Les gains de productivité ont engendré des dérives, mais ils ont aussi été un moteur de la réduction du temps de travail et de l’amélioration des conditions de travail. La décroissance ne risque-t-elle pas de mettre fin à ces progrès ?

  1. L. : Les gains de productivité se réduisent déjà tendanciellement depuis des décennies. Le lien gains de productivité-croissance-emploi n’est pas évident. Toute croissance n’est pas forcément riche en emplois. Il nous faut embaucher dans l’agriculture biologique et le secteur du care, où les niveaux de productivité « quantitatifs » sont faibles et qui sont des gisements d’emplois importants. Il faut sortir du quantitatif, aller vers le qualitatif.

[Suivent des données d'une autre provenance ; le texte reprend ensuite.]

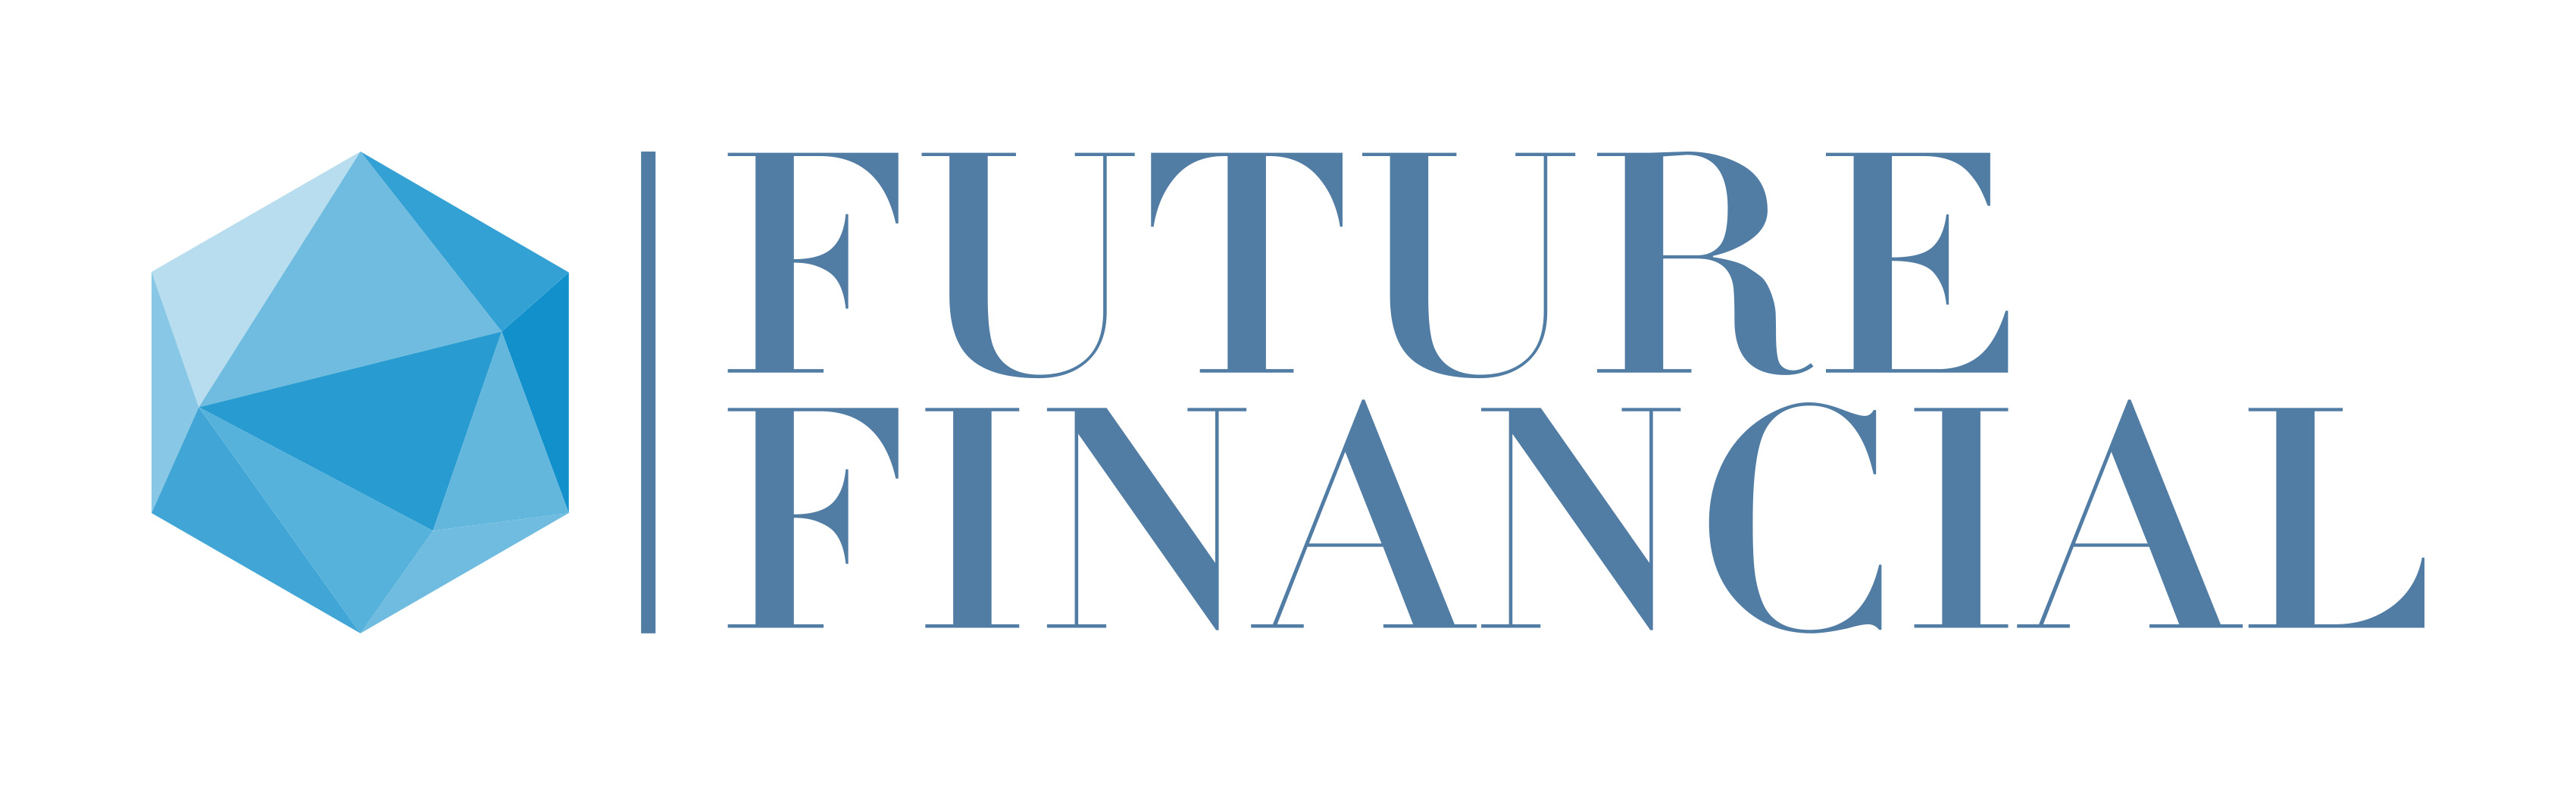 Future Finance Logo

  1. L. : Même quand il y avait encore des gains de productivité, ils n’ont jamais été au service du bien vivre et ont plutôt servi à encourager la compétition entre pays, créant une situation de surabondance et de dépendance matérielle. Le confinement nous a montré à quel point nos processus de fabrication faits de délocalisations, de production à flux tendus et d’économies d’échelle nous ont rendus vulnérables. Il nous faut relocaliser la production dans toute l’Europe avec des petites usines locales, et favoriser les lieux qui encouragent la seconde main, la réparation, etc. Nous pourrons ainsi nous réapproprier les techniques de production, et redevenir souverains. Nous serons peut-être moins efficaces et moins productifs, mais nous aurons un rapport plus convivial à nos objets low tech éco-conçus ou recyclés.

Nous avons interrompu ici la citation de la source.